**ABOUT THIS TASK:** Every line from the one containing "Pantalón deportivo oversize" through the end of the listing below must be given again exactly, and nothing else; exclude pictures.

**SOURCE MATERIAL:**

════════

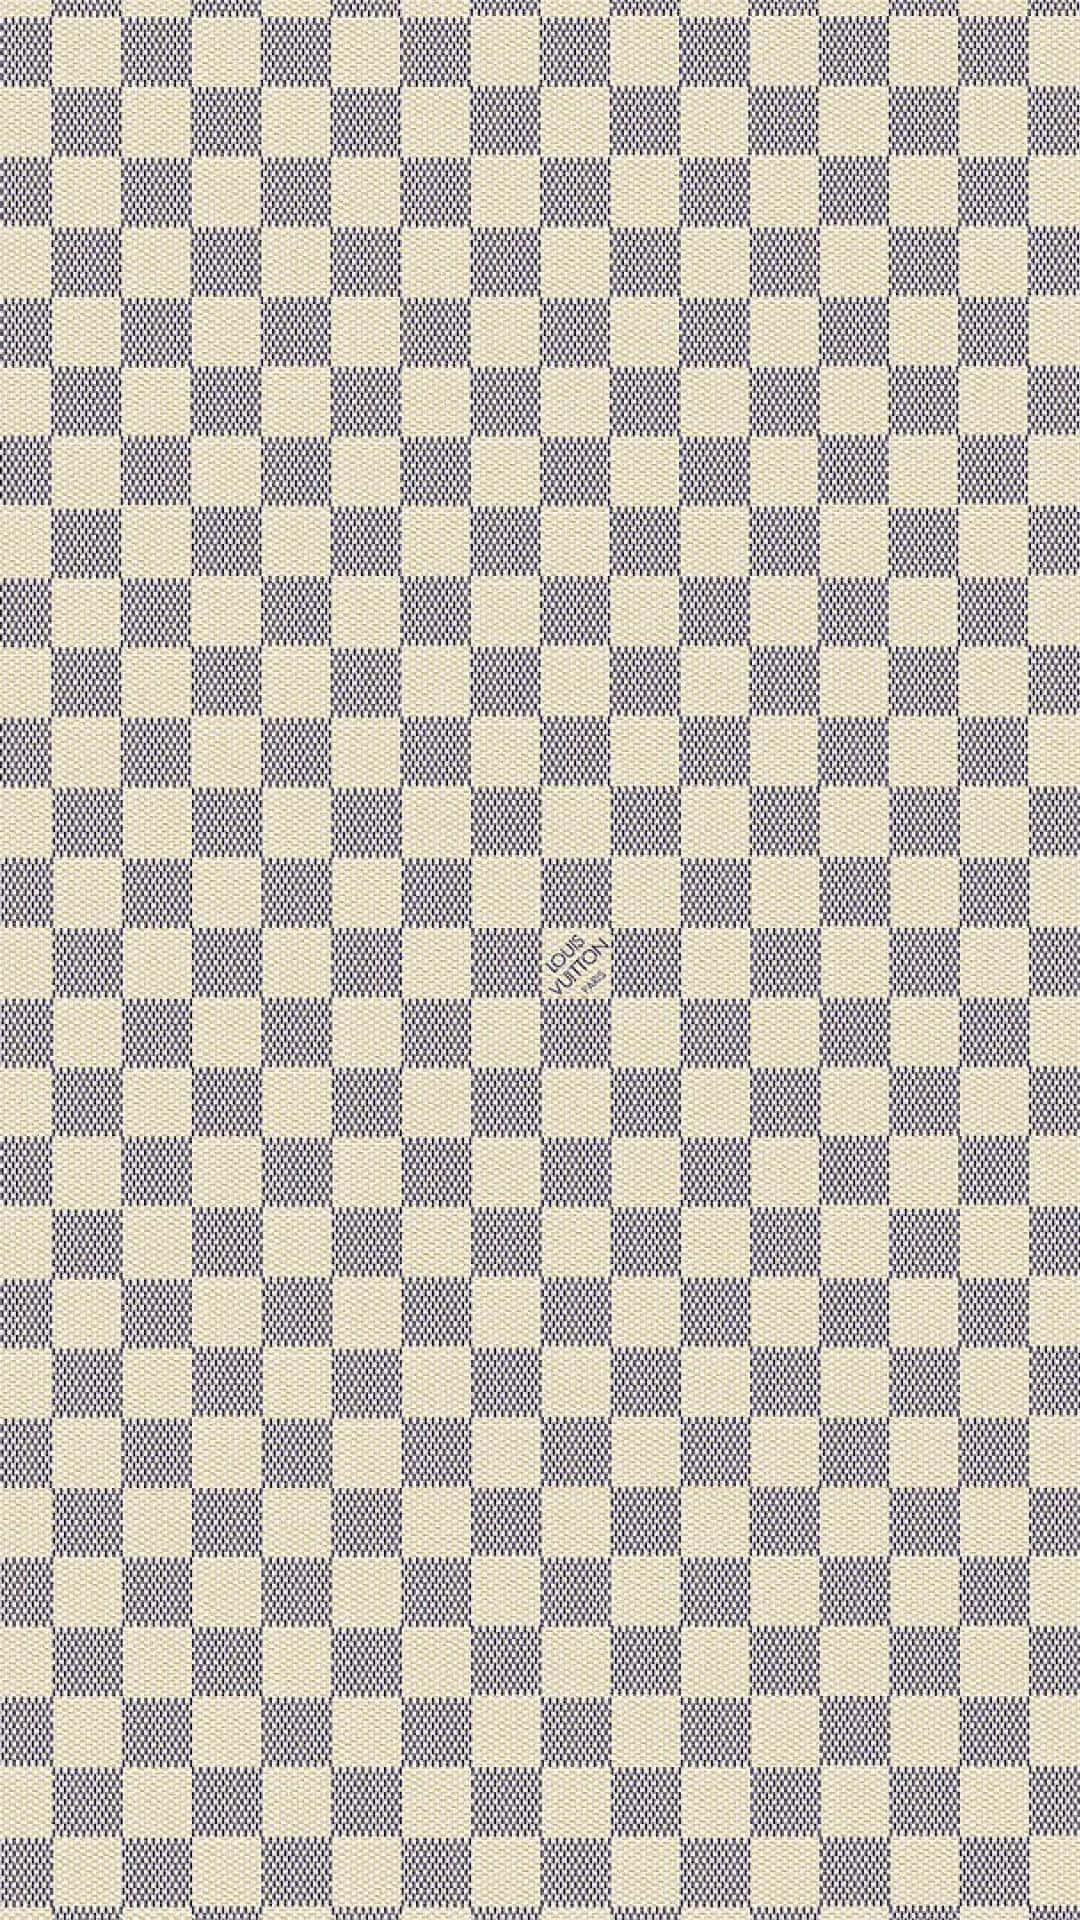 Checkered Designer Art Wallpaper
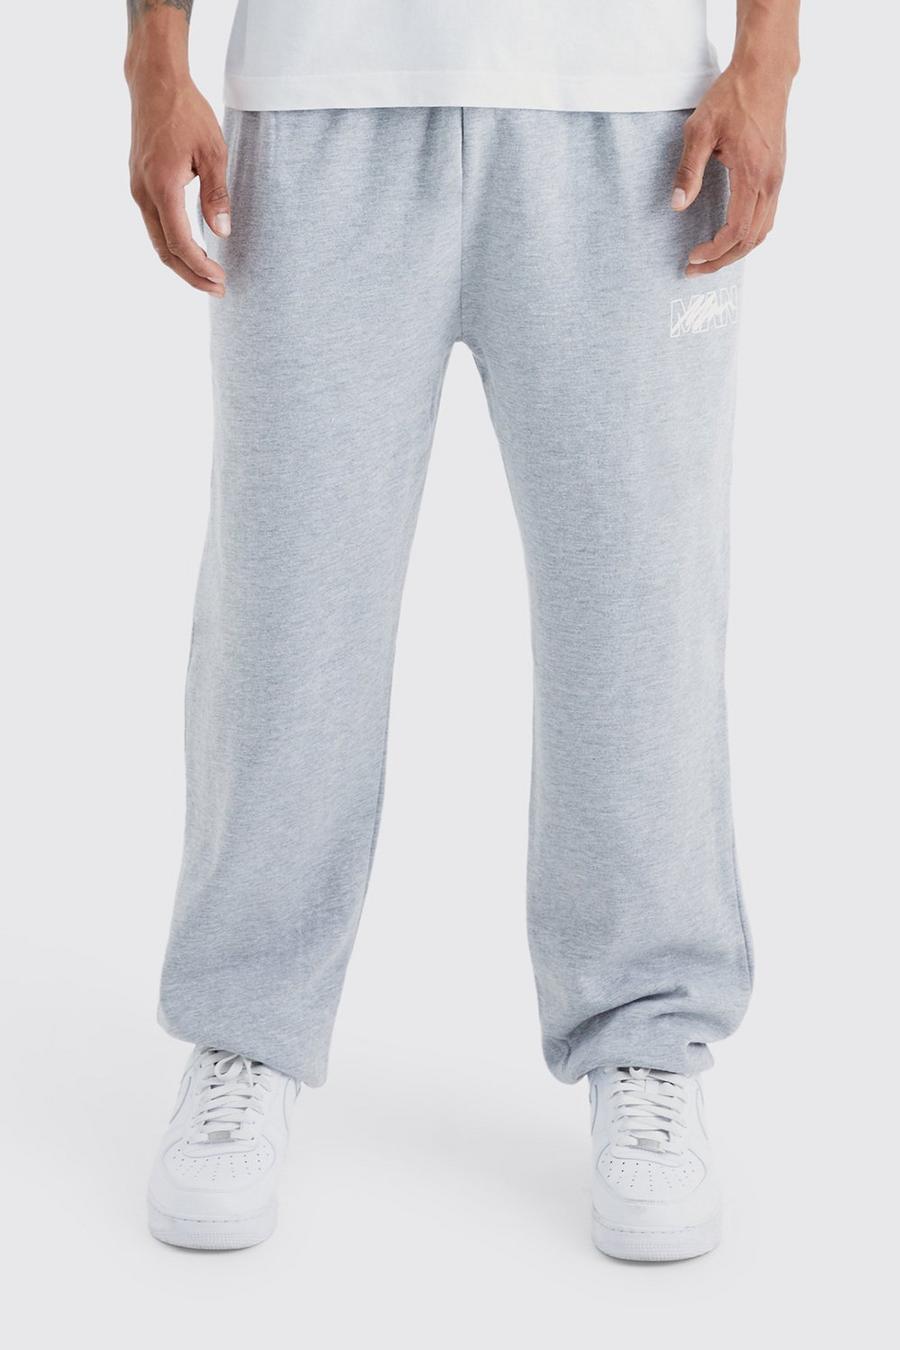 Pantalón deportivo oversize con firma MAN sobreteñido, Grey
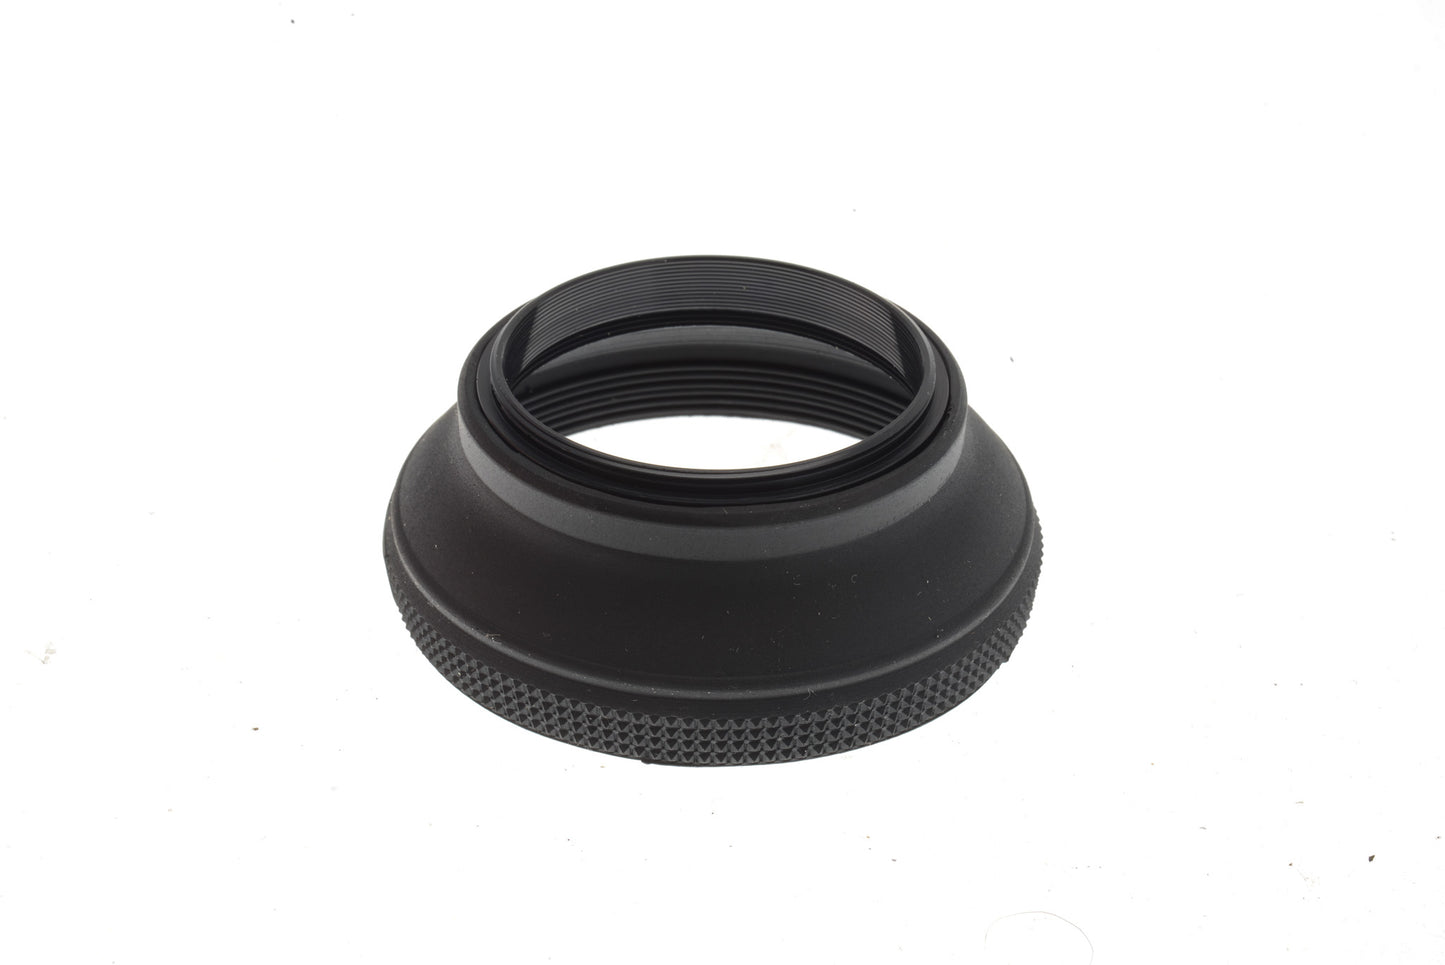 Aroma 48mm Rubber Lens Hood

════════

**RESPONSE BELOW:**
 Pantalón deportivo oversize con firma MAN sobreteñido, Grey
 Aroma 48mm Rubber Lens Hood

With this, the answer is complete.